LW: I have always worked to secure sensitive information and systems, including in my work with three large international financial companies. That work involved knowing how to find and fix these problems, which was not a common skill in an industry that was paid on volume and speed of its deals. Sometimes it also involved refusing to greenlight projects until the appropriate security protections were in place. While that work was much appreciated by the control teams, like information security, compliance, and corporate governance experts, it was sometimes not popular with teams that wanted to rush projects through without taking time for the necessary precautions.
So I now work to educate the multiple stakeholders that this is a huge security hole, but it’s fixable – I’ve done it.
Why do you care so much about this? What’s in it for you?
LW: As it turns out, my entire career, beginning with my first U.S. Army job in Military Intelligence, has been about the protection and appropriate distribution of sensitive data. In my units, people were prepared to die to protect highly sensitive systems, the compromise of which could cause grave harm to our security and our people. It was unbelievable to me that some in the financial industry failed to protect sensitive information, just because they found it inconvenient, or because extra time and due diligence on a project might delay a promotion or payment of a bonus.
Given a choice between signing off on reckless manager decisions, or protecting our sensitive information, which means protecting our security, our customers and our shareholders, I have to side with protecting this data.
When you describe these gaps and how they happen, is this real-world information?

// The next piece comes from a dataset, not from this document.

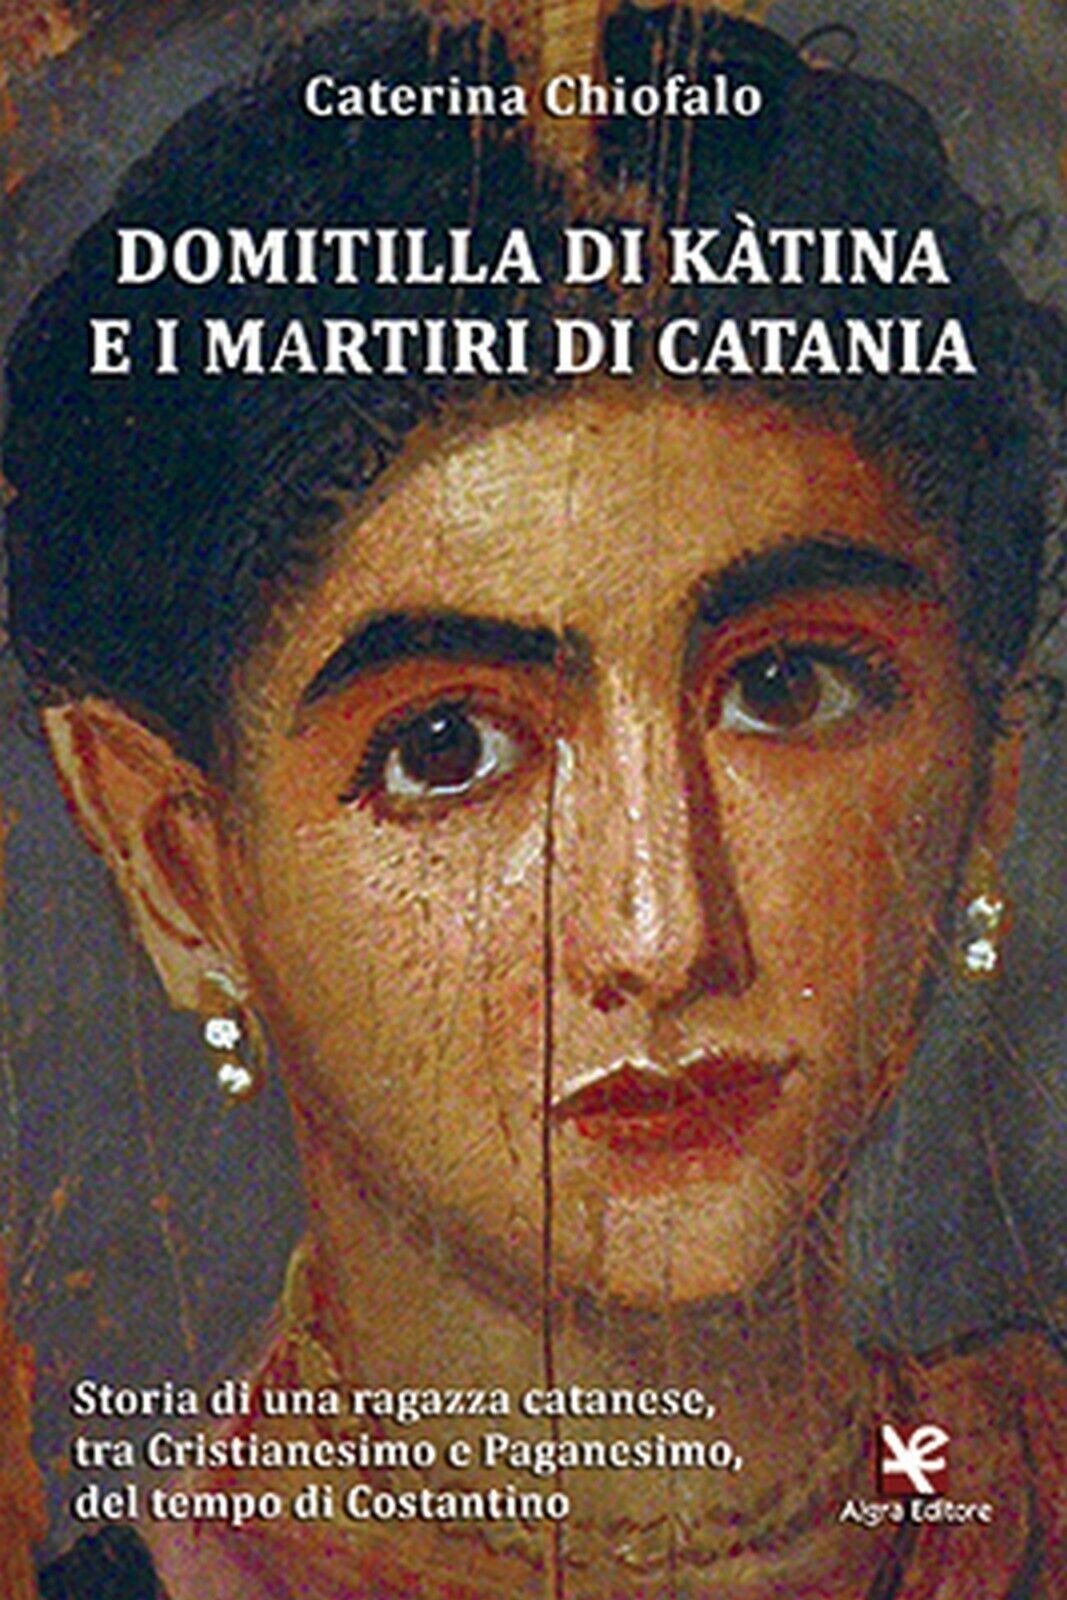 Domitilla di K?tina e i martiri di Catania  di Caterina Chiofalo,  Algra Editore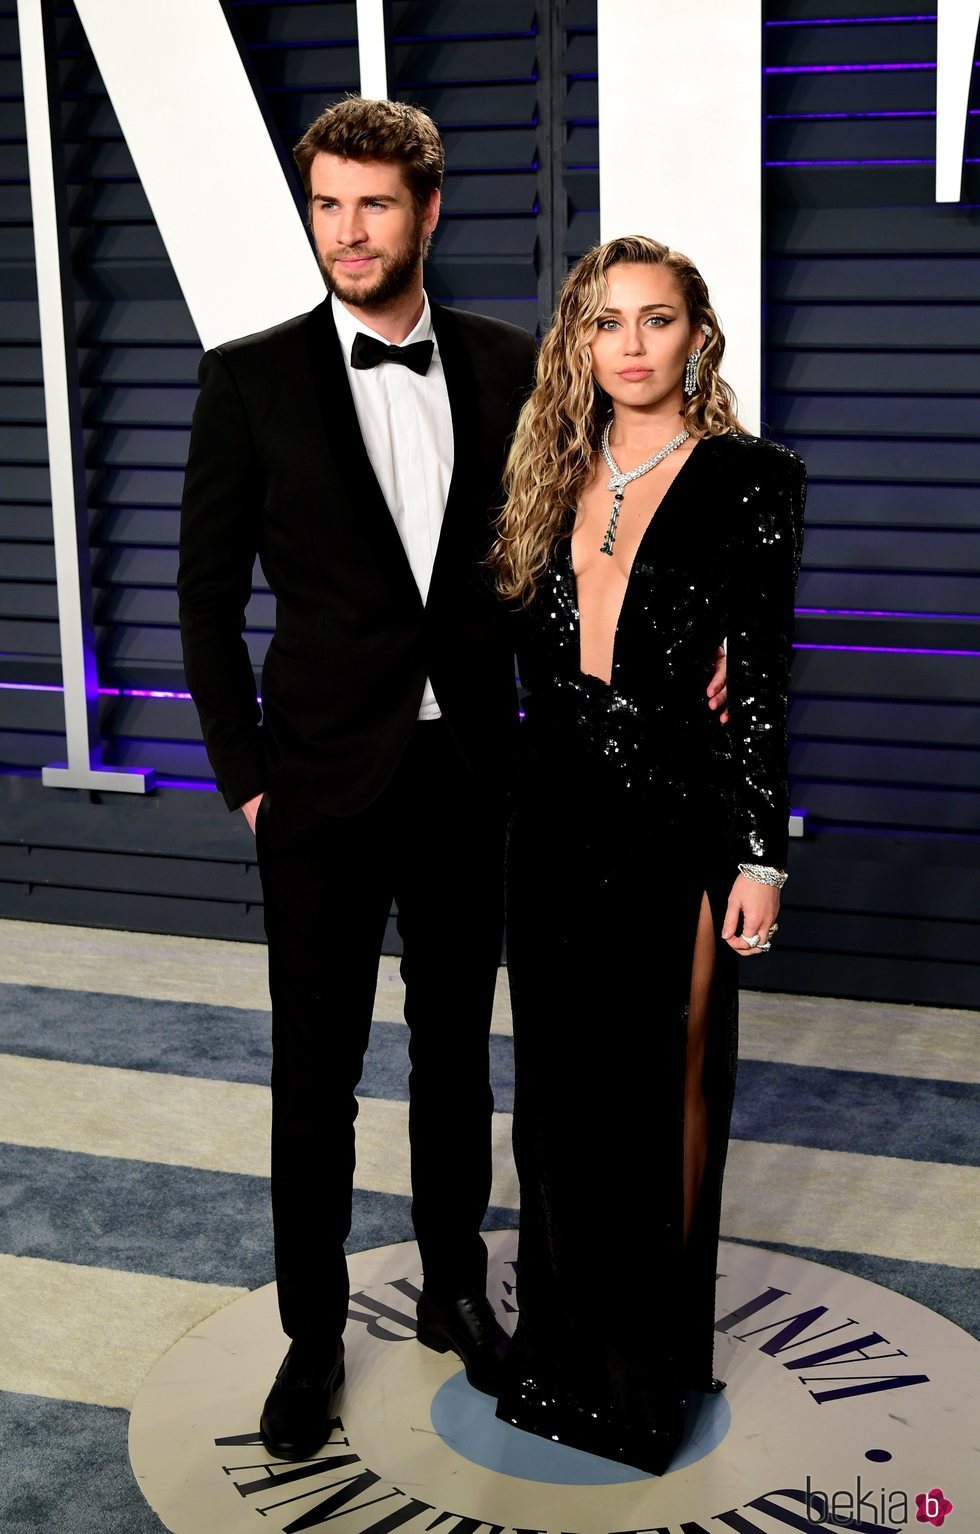 Miley Cyrus y Liam Hemsworth en la fiesta Vanity Fair tras los Premios Oscar 2019

LW: The descriptions of these gaps are based on real-world, hands-on experience, not theory. I am not interested in enabling new data thieves; I want to help educate, so that the security holes can be found and fixed before there’s a security breach. If I know of specific weaknesses in a company’s system, I believe that it’s appropriate to first notify that company so that they can take proactive protective measures, whether with our team or with someone else. But even when I publicly discuss typical scenarios at an extrapolated level without naming the company, these examples are based on facts that I and my colleagues have witnessed first-hand.
What advice can you give companies that aren’t sure whether they are exposed?
LW: Many companies think that they have everything covered, because they have internal or external auditors, or big consulting companies, or other teams that have been trying for years to address security. But my colleagues and I have identified these gaps, even in some of the largest companies in the world that spend enormous amounts of shareholder money on security. In fact, the problem is probably worse in a larger company, because it’s more difficult for various teams to coordinate information and react quickly to address gaps. I can attest that we have identified significant security gaps that had been missed for years, even a decade or longer, by the internal and external teams at some of the largest companies in the industry.
What advice can you give companies that are sure they have this problem handled?
LW: Firstly, many financial companies assume that, because they spend a lot of time and money on security, they must have it covered. That assumption may prove fatal.
For companies that choose to assume that they have this covered, even after this widespread but unrecognized risk has been explained, my only advice is: Don’t have a breach.
Don’t have an unhappy worker with a flash drive; don’t have a contractor or subcontractor who wants to use this data for harmful purposes; don’t have your data being accessed by anyone that you don’t know; don’t have anyone working in your data centers or accessing them remotely unless you know about and monitor it; don’t have any gaps in any of the products or services anywhere in your data chain. Don’t make any mistakes in what you say to consumers, customers, regulators, investors, or companies with whom you do business.
If you’re still sure you have it covered – Don’t Have A Breach.